* _Exercise objective_: The listing below should be printed in full and exactly, apart from its images.

* _Supplied data_:
----

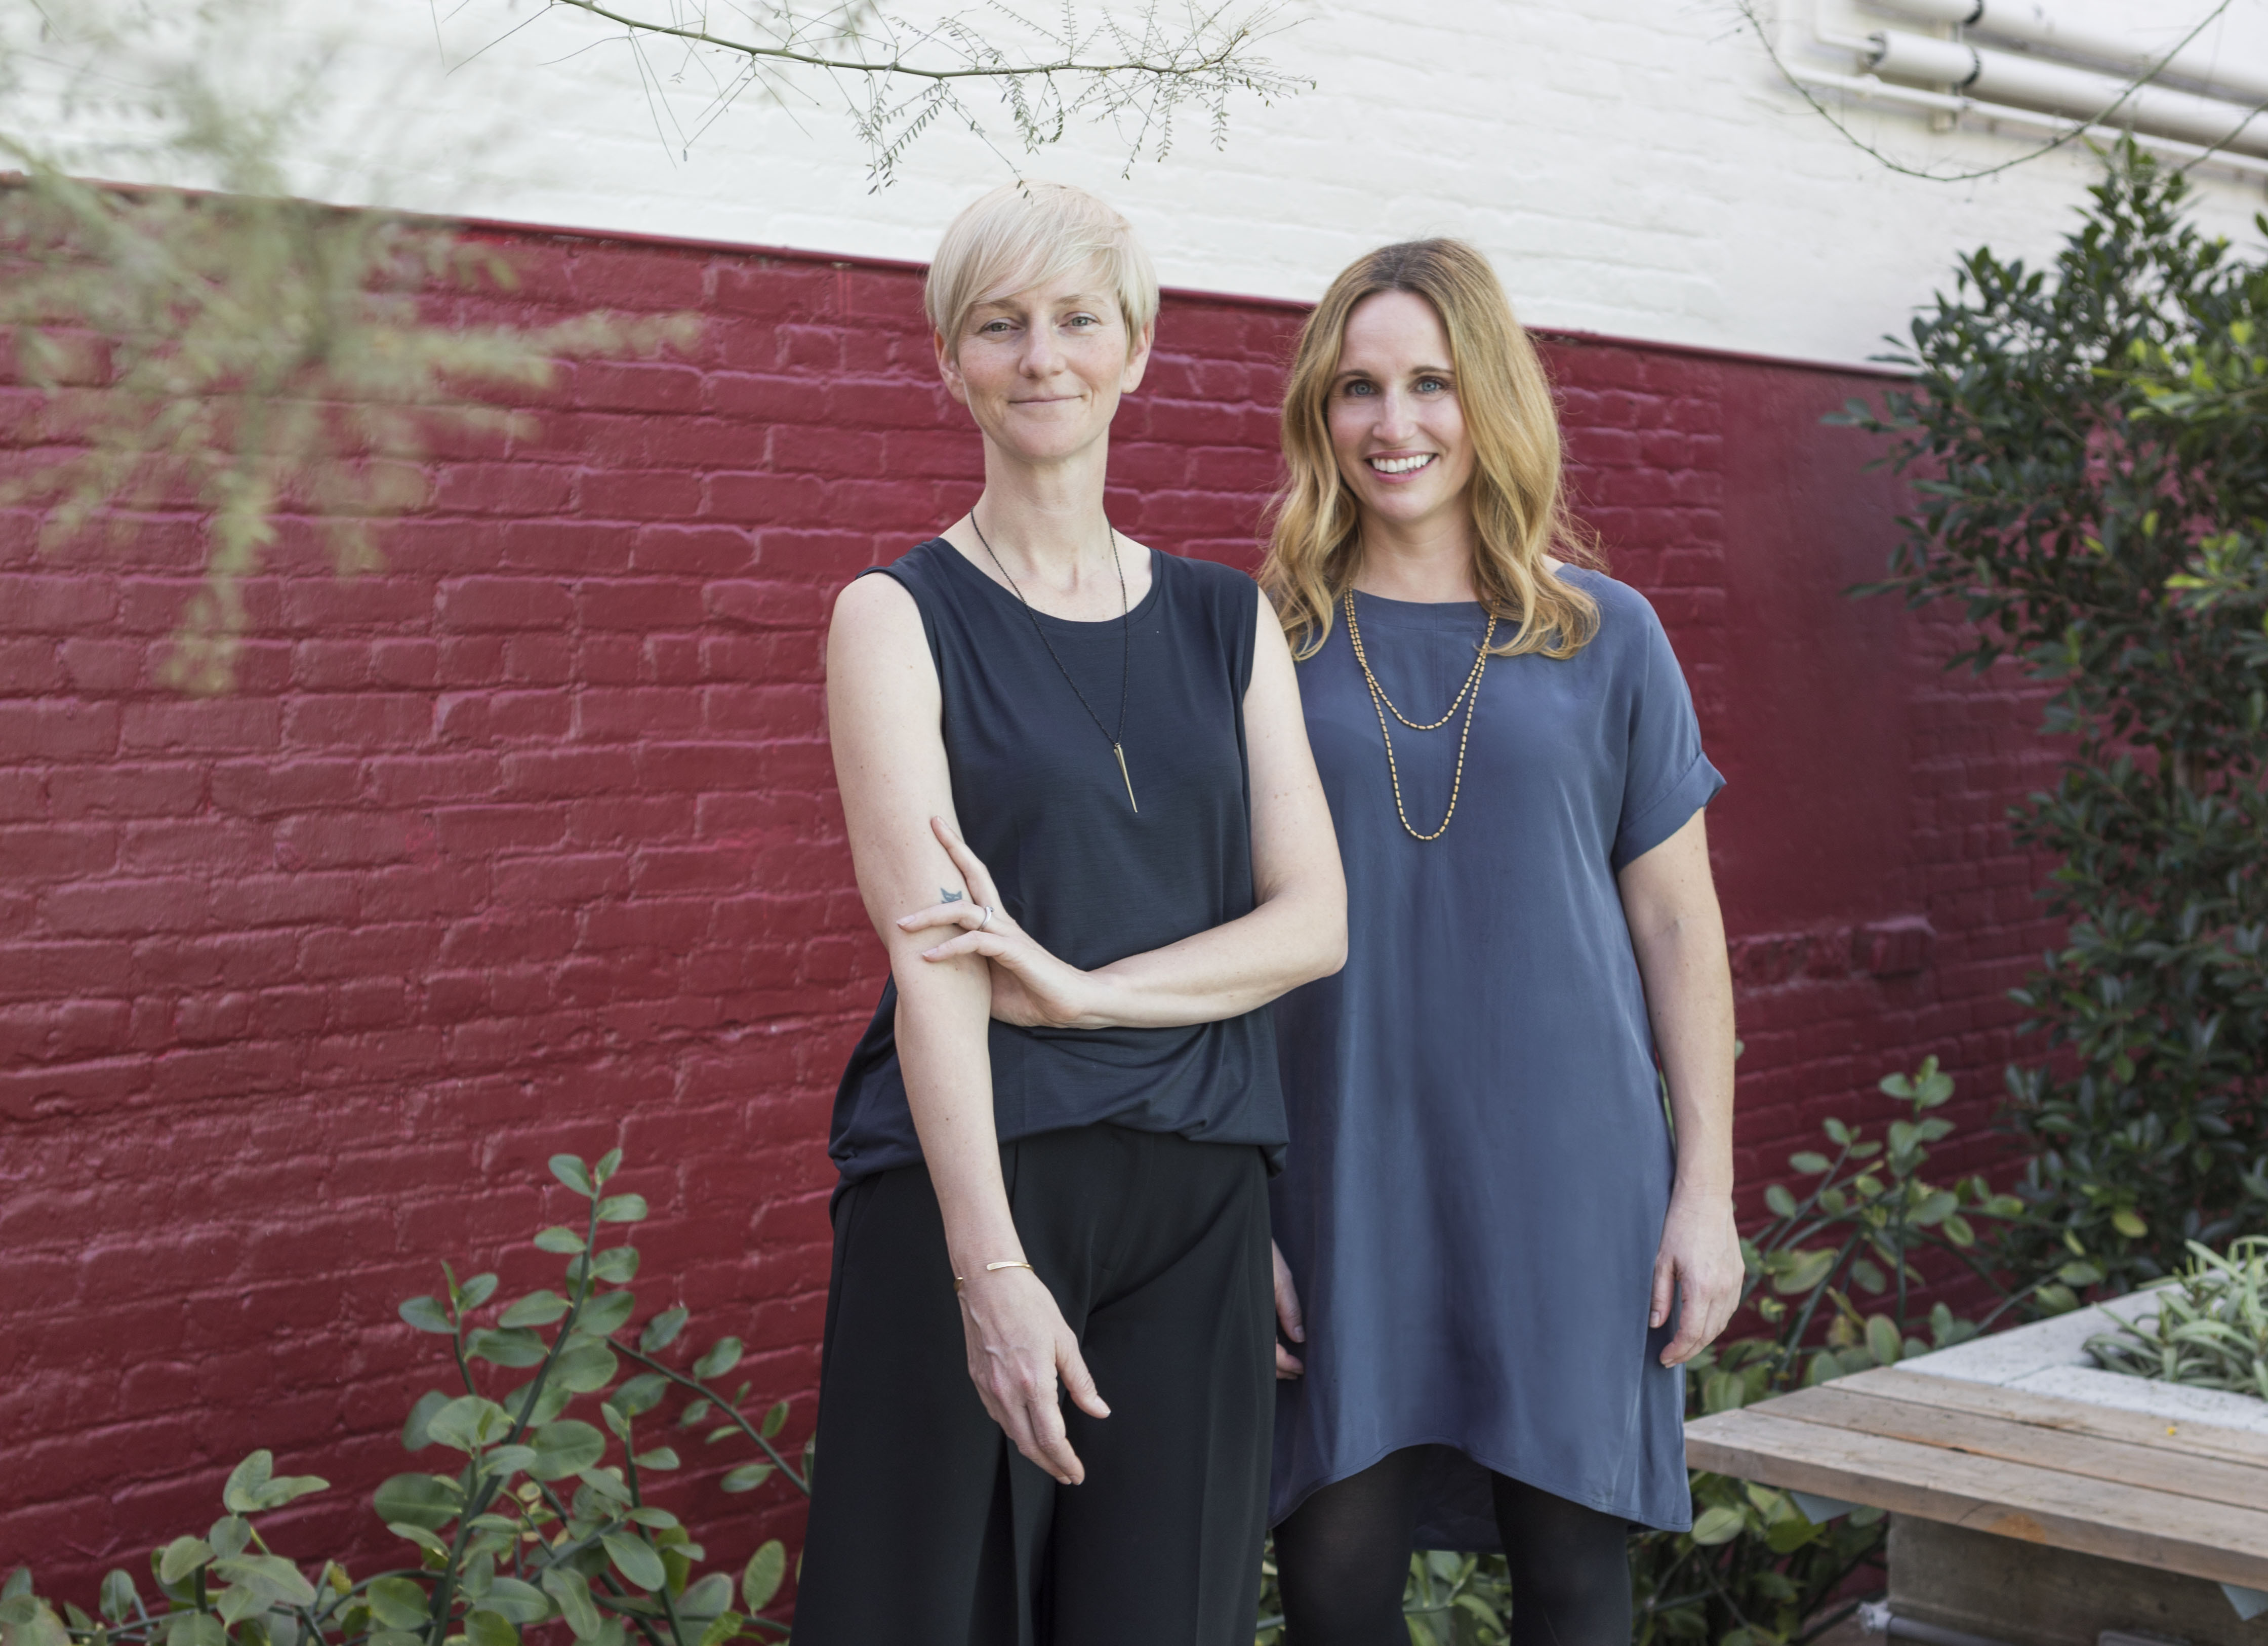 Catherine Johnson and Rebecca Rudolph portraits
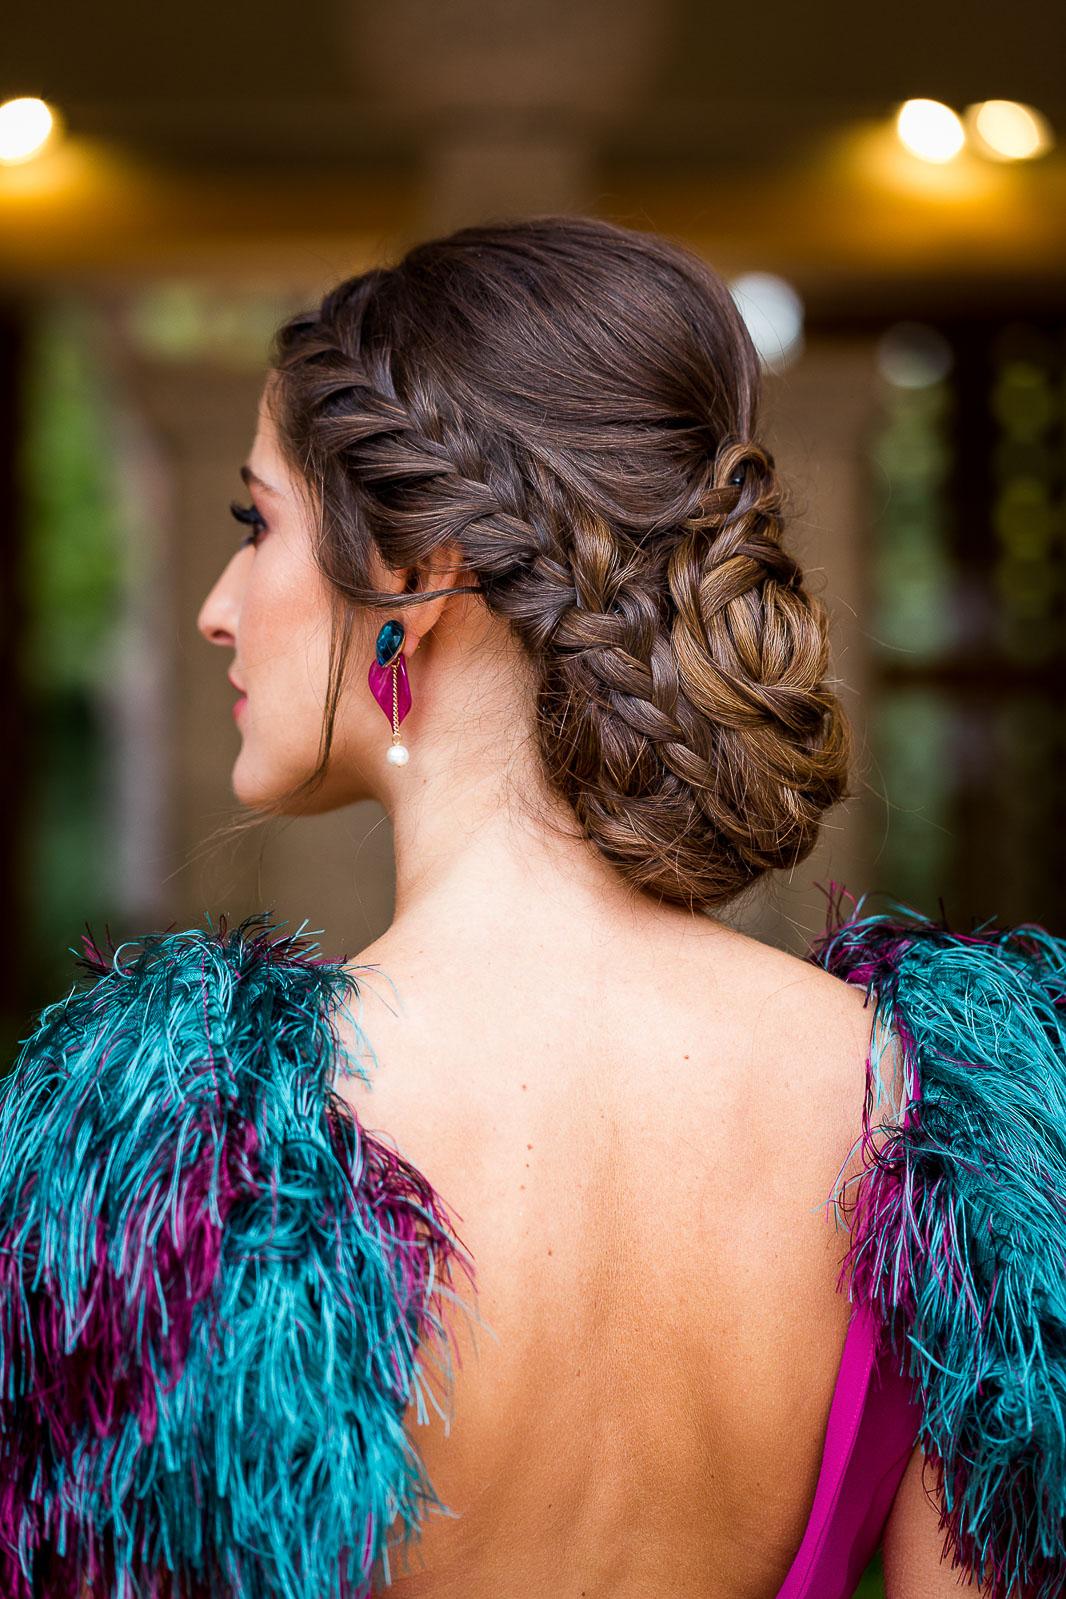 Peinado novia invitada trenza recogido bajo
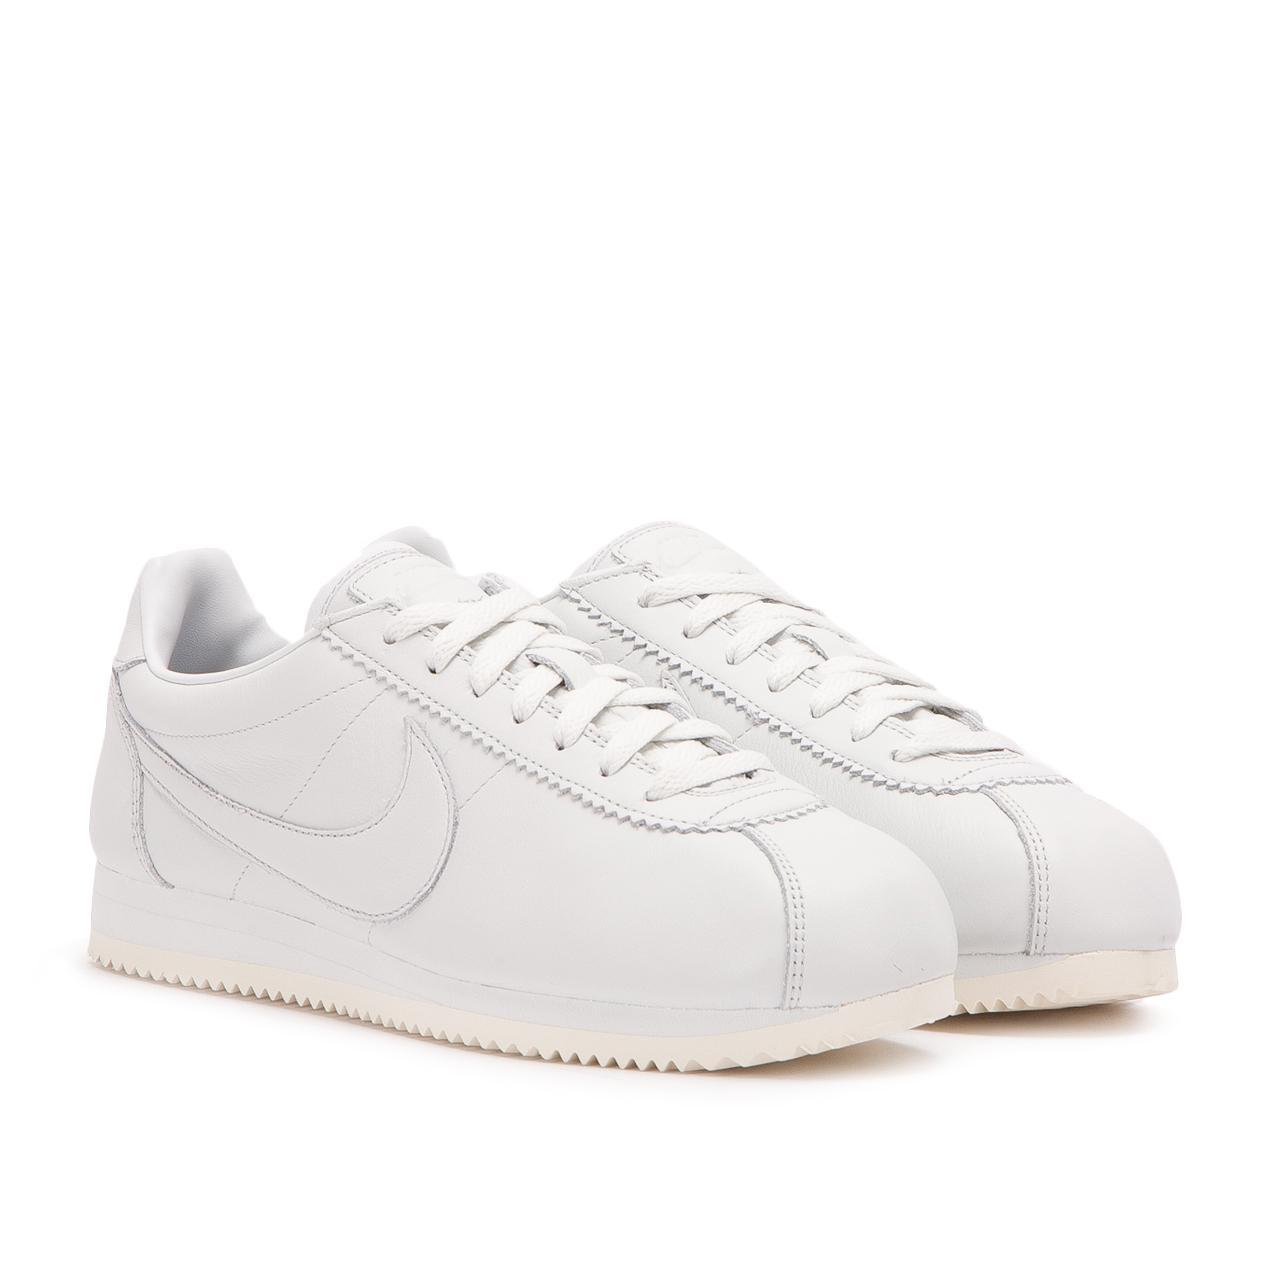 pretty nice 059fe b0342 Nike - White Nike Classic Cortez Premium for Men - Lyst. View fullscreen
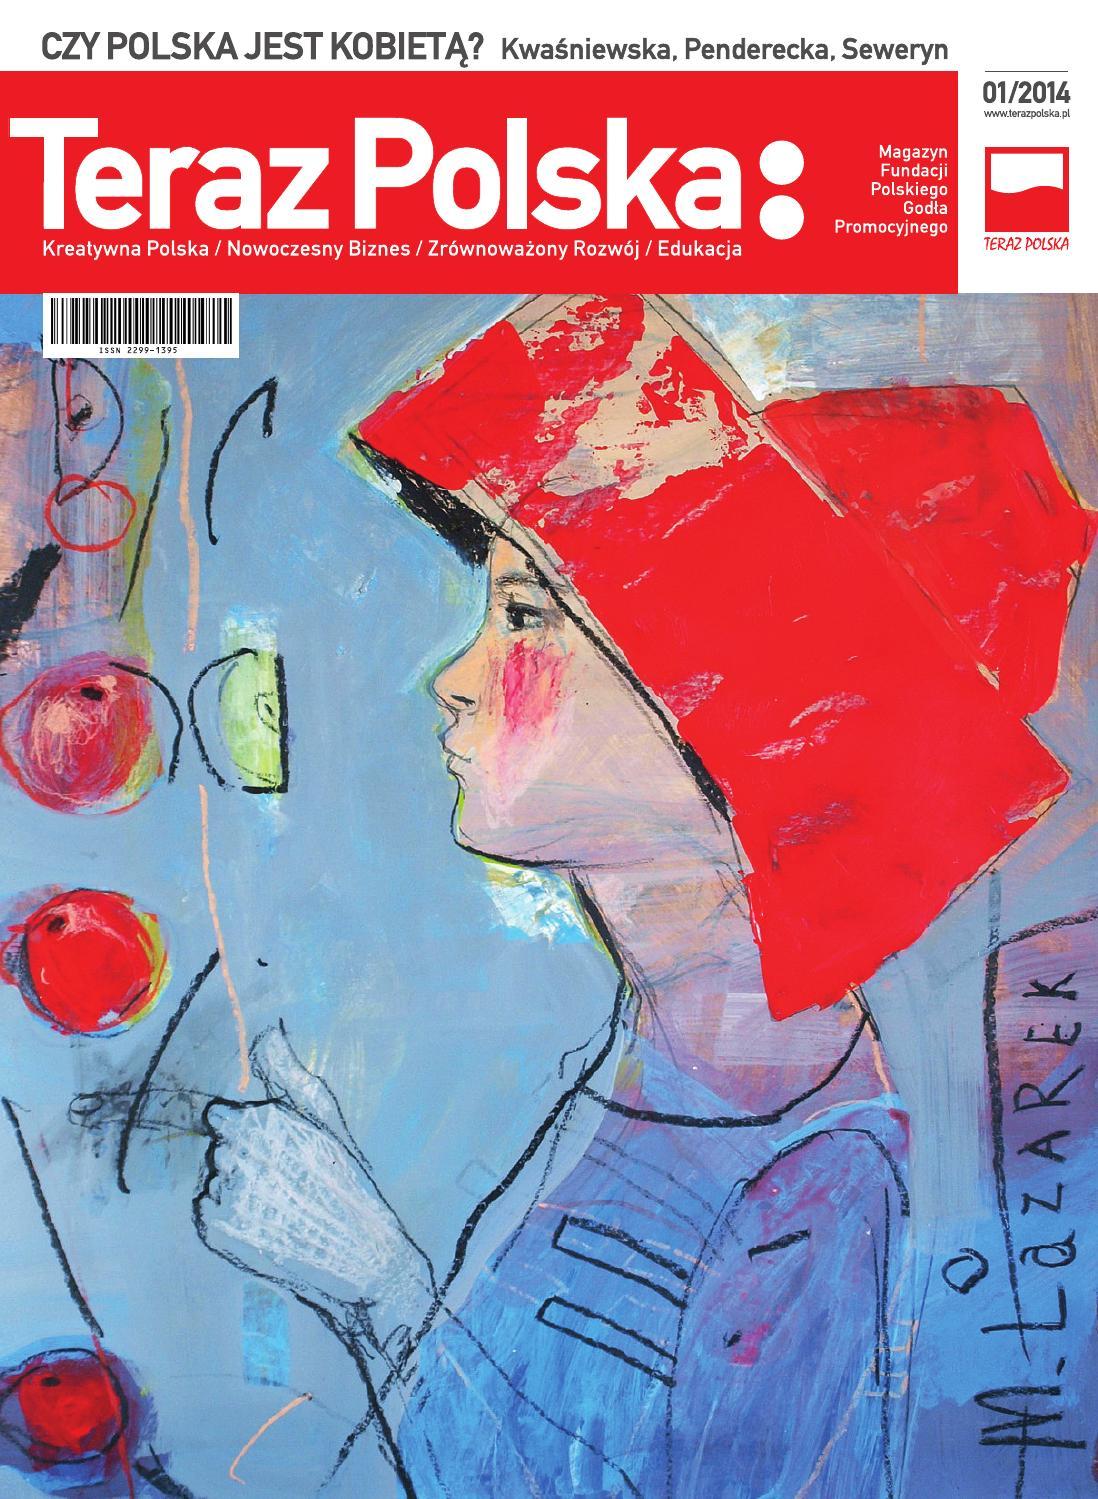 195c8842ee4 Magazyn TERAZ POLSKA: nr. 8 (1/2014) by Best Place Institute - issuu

----

* _Result for this task_:
 Catherine Johnson and Rebecca Rudolph portraits
 Peinado novia invitada trenza recogido bajo
 pretty nice 059fe b0342 Nike - White Nike Classic Cortez Premium for Men - Lyst. View fullscreen
 195c8842ee4 Magazyn TERAZ POLSKA: nr. 8 (1/2014) by Best Place Institute - issuu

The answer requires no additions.